Validate the Dataset#

Validation of dataset specification#

After completing the preparation of the dataset specification, you can use the validate function in the frictionless package to confirm the quality of the dataset. Before checking the dataset file, you need to check the dataset specification for format violations or other errors. If there are errors in the dataset specification, the program will output the error number and output the error details:

from frictionless import validate

data_filename = 'data.csv'
yaml_filename = f'{data_filename}.schema.yaml'
yaml_report = validate(yaml_filename)

if yaml_report.valid:
    # Perform dataset validation
else:
    print('The .yaml file is not valid:')
    error_num = yaml_report.stats['errors']
        for i in range(error_num):
            print(f'{yaml_report.tasks[0].errors[i].title}:\n{yaml_report.tasks[0].errors[i].message}')

Validation of dataset file#

If the dataset specification has no errors, the dataset file validation will begin. The validation method is also to use the validate function in the frictionless package. If there are no errors in the dataset file after validation, There are no errors in the dataset. will be output.
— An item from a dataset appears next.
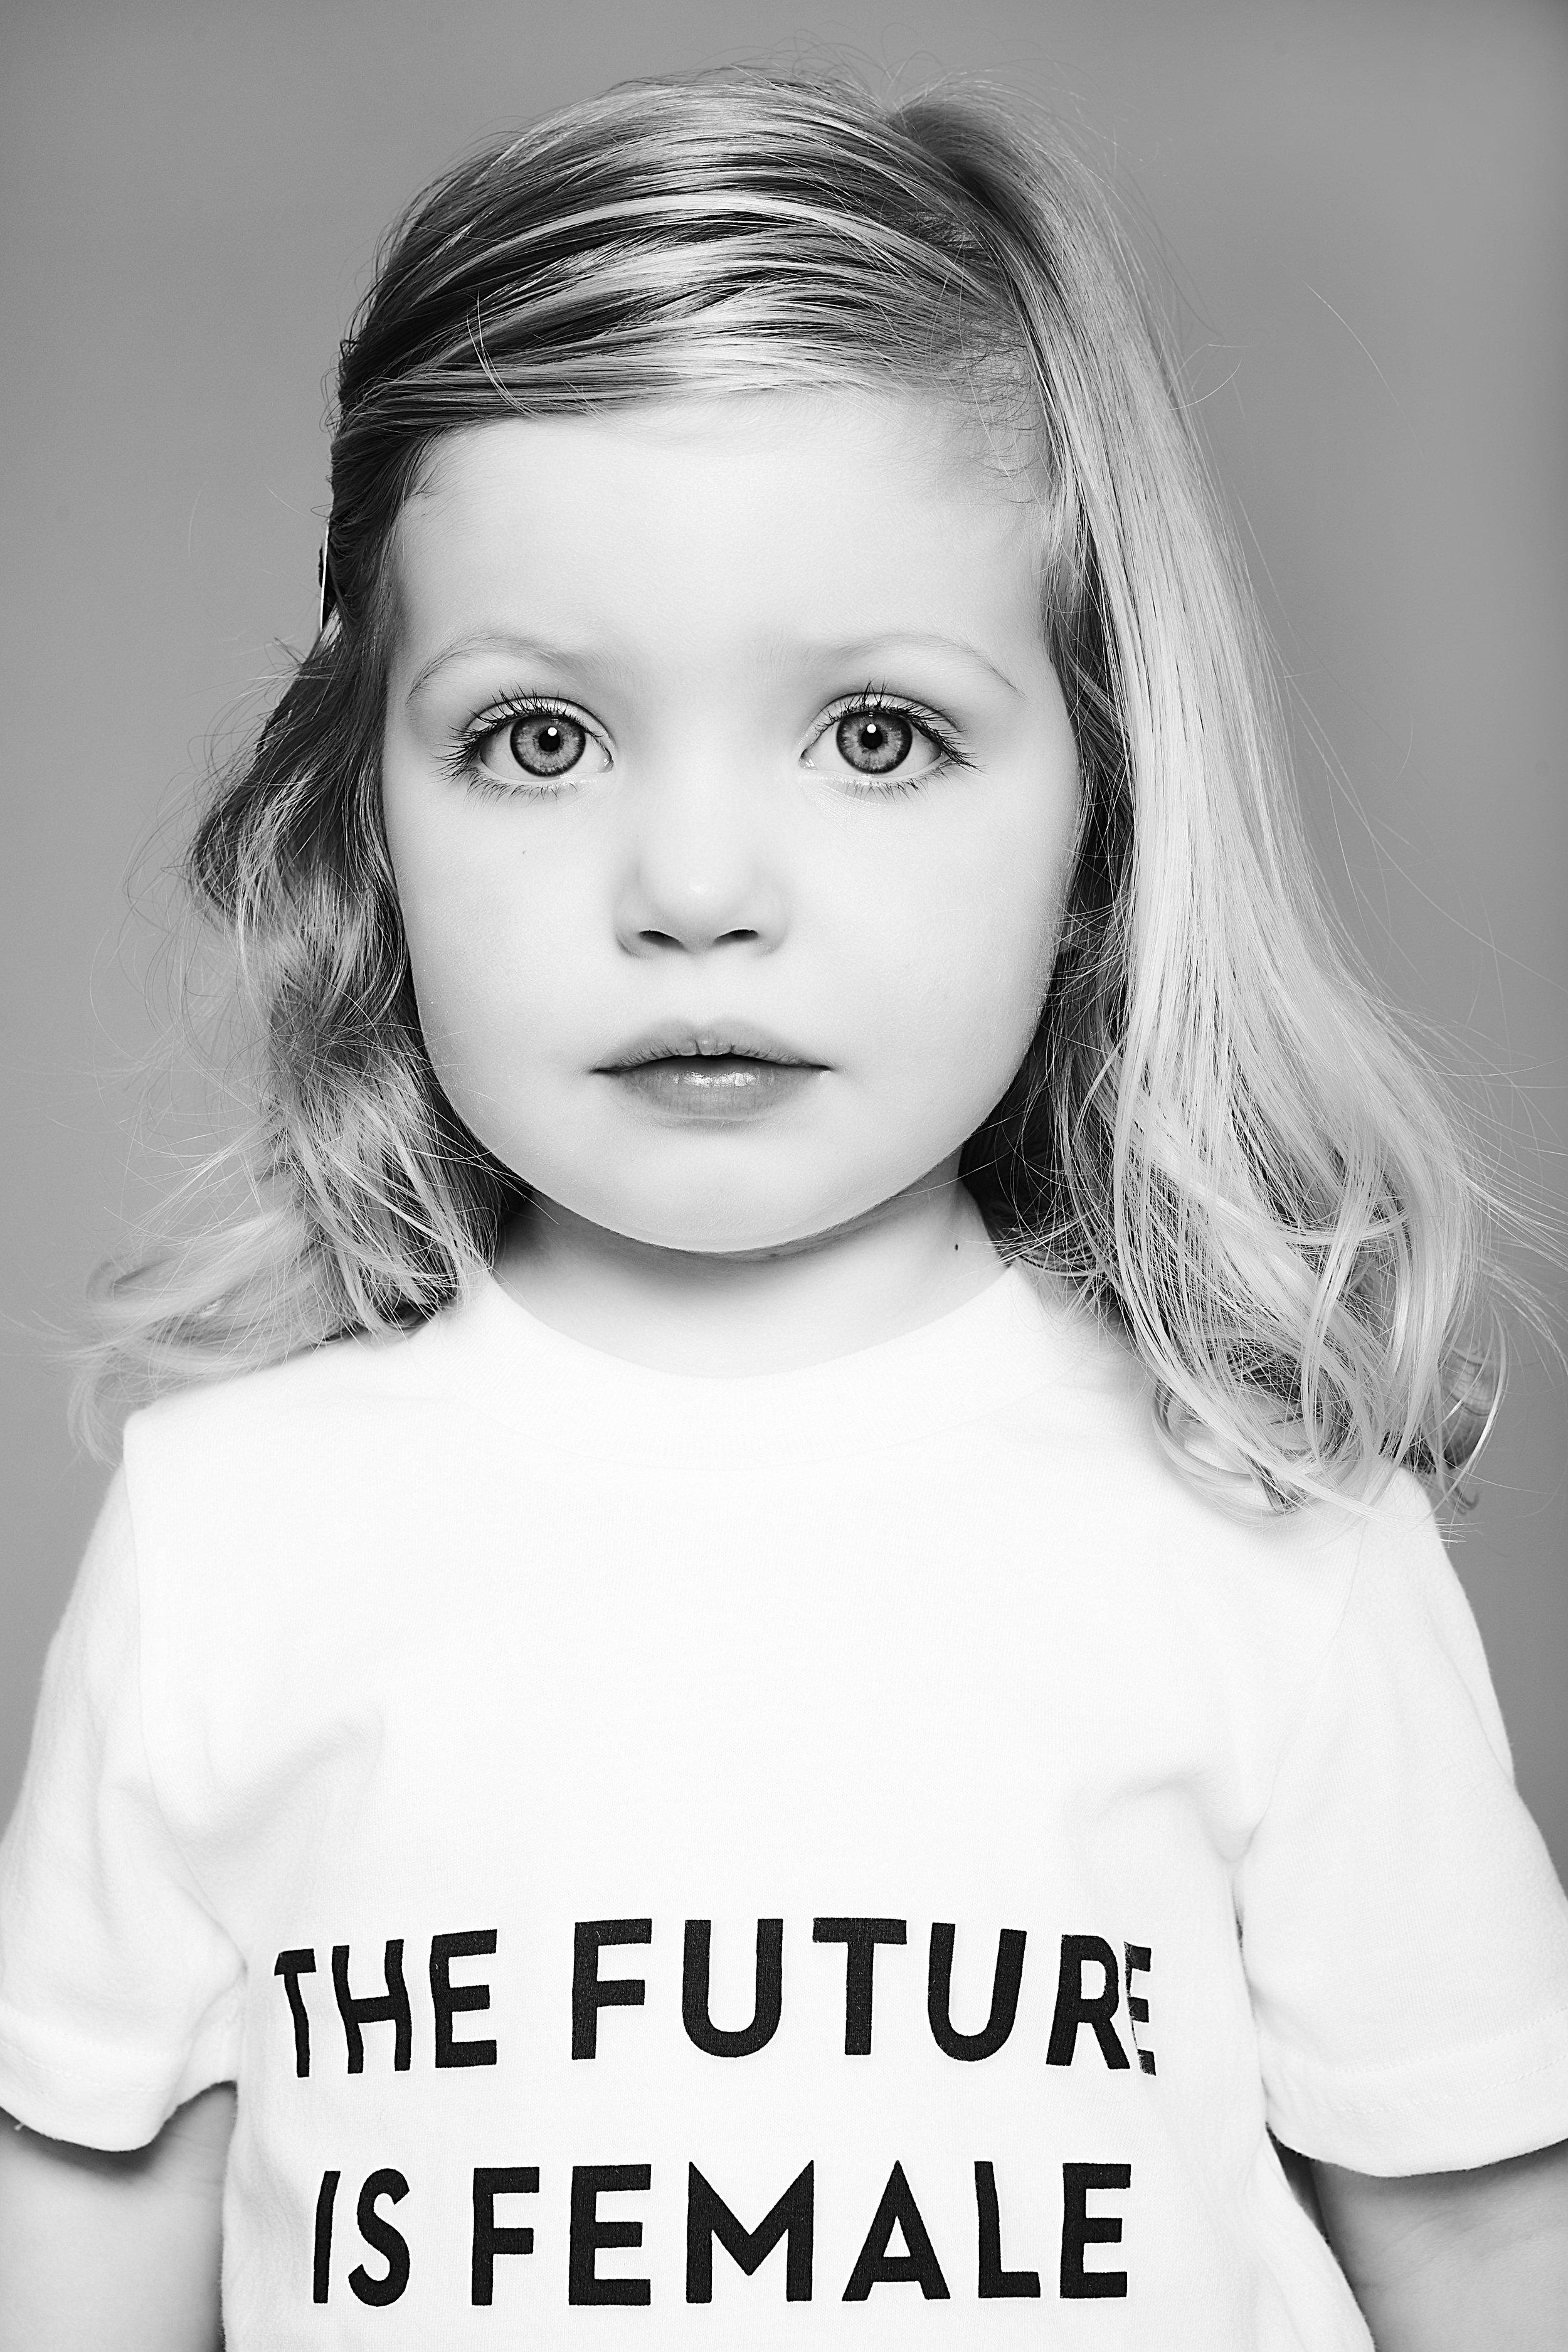 2017_the_future_is_female_008_bw_r.jpg

Otherwise, the program will print the number of errors and provide details about each error:

from frictionless import validate

data_filename = 'data.csv'
yaml_filename = f'{data_filename}.schema.yaml'

data_report = validate(data_filename, schema=yaml_filename)
error_num = data_report.stats['errors']

if error_num == 0:
    print('There are no errors in the dataset.')
elif error_num == 1:
    print('There is 1 error in the dataset:')
else:
    print(f'There are {error_num} errors in the dataset:')

for i in range(error_num):
    print(f'{data_report.tasks[0].errors[i].title}:\n{data_report.tasks[0].errors[i].message}')